Reviewing Your Website: 12 Components of a Website CritiqueWe believe that every company in every industry deserves an effective, attractive website. To that end, we’d like to introduce a website critique that you can use to quickly assess your own website for weak spots. Here are the requirements we look for in a high-performing website. Feel free to use this list to perform a self-evaluation.


Customer Experience

In the web design industry, customer experience is also known as “User Experience,” or UX. Since your company website is the first thing your prospective customer may see, it’s important that it be usable, attractive, and professional. And that’s just what we look for in the first step of a deep website critique. Is your website supporting a good customer experience with these items?


Enticing Calls to Action


Is it clear what you want the customer to do upon visiting your website? Are you using words and images that resonate with your customer based on your detailed customer personas?


Clear Contact Information


Is it easy to locate your contact information? Are your details provided in text so that customers using mobile technology can call or map to your location easily?


Convenient Capture Pages


Is it easy for prospective customers to provide their information to you? Is there a conversion opportunity on every page (not just hidden away on your contact page)?
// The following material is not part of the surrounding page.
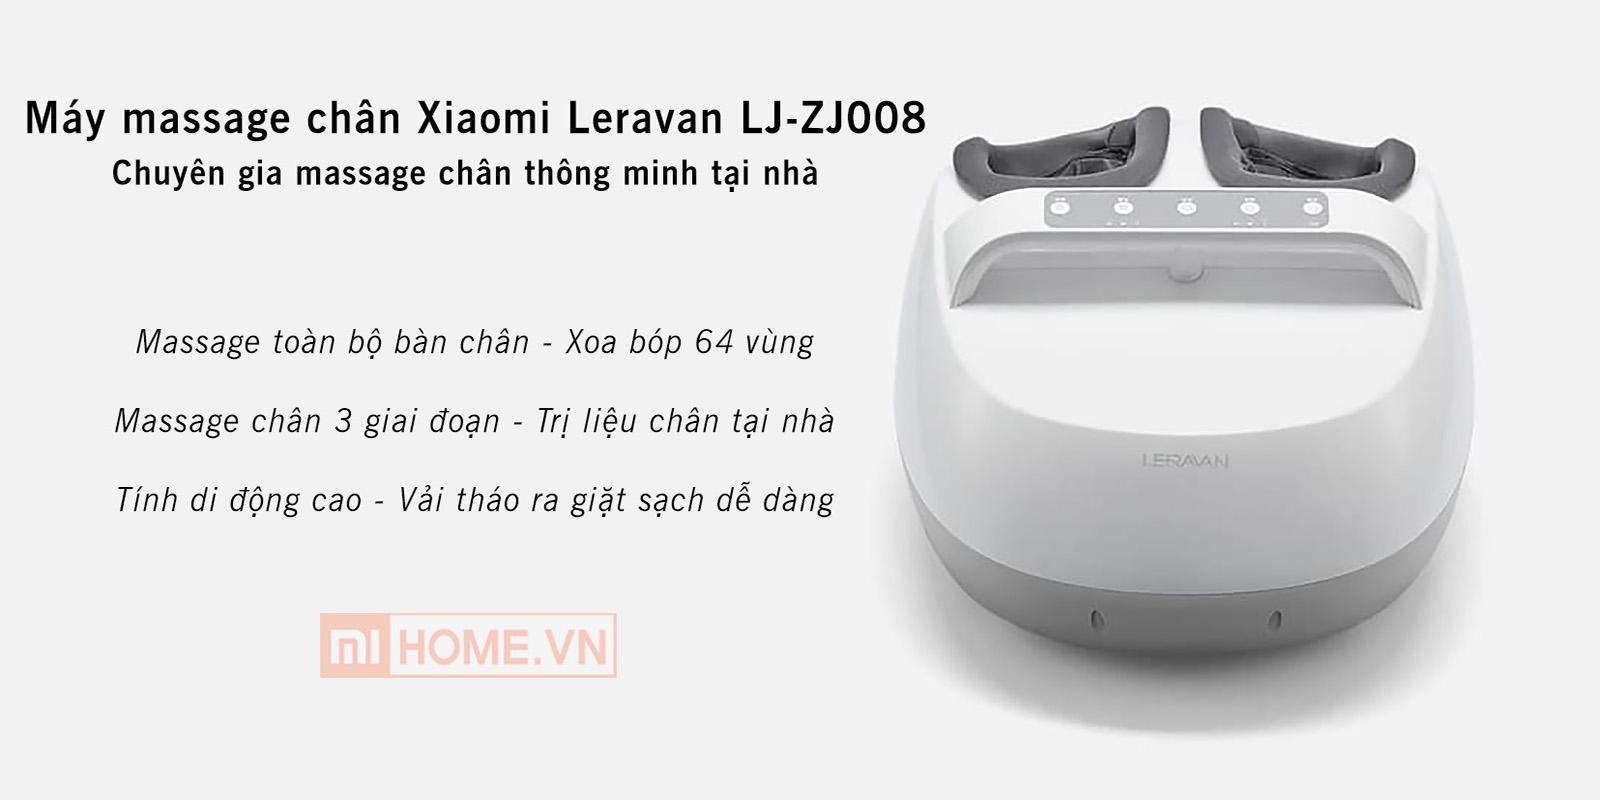 may-massage-chan-bam-huyet-xiaomi-leravan-lj-zj008

Website Structure and Design

An effective website will have a customized website structure and a design unique to its brand. The next step in a deep website critique is to analyze these elements and make sure they are working hard for the company:


The Right Things Catch the Eye


What captures the eye first? What’s the most noticeable and memorable feature of the website when you first look at it? Is that feature intentional and effective for a real customer, a byproduct of your site design or a company-focused message that a customer won’t find relevant?


Professional Tone


Are you conveying professionalism? Are your graphics and font treatments up to date? Do the images you use speak to your target customer meaningful and unique, or a stock image that everyone else in your industry uses?


Color Palette


Is your color palette attractive to the eye and appropriate for your industry?


Website Analytics

While you want to check the public-facing elements of your website, you also need an understanding of your website’s performance analytics. That’s why you might look at the following analytics to make sure that your deep website critique leaves no stone unturned:


Month-to-Month Visitors


An effective website will draw in more and more visitors each month. Monitor trends in your website “visits” metric to make sure your SEO and content marketing efforts are having their intended benefits.


Visitor-to-Lead Conversion Rate


Your visitor-to-lead conversion rate is the percentage of your website visitors that fill out a form and volunteer information on your website. First, are you tracking this information? Second, what is your conversion rate? If it’s below industry standard, your site isn’t performing at its potential.


Lead-to-Customer Conversion Rate


Lead-to-customer conversion rate is the percentage of your leads that are becoming customers. This is another important number to monitor in partnership with your sales team.


Content Marketing

The strength of your content marketing efforts directly correlates with your company blog. If you don’t have a blog calendar or plan in place, you may not seeing the best ROI on the time or money you invest in it.


Keyword-Focused Blog Topics


Does each blog post have a focused topic, and are those topic keywords used throughout each post?


Frequency of Updates


Is the company blog updated at least once every other week?


Clear Call to Action


Does every blog post on your website have a clear next step to generate leads?


Social Media Integration


Is it easy to share your company blog posts? Are there appealing images that enhance your updates on visual social media platforms like Facebook, Pinterest, and Twitter? And do your most recent posts feature content from your blog?


It may seem like a long list, but this kind of do-it-yourself website critique provides a thorough look at what makes a good website and how anyone can apply these principles to a successful website.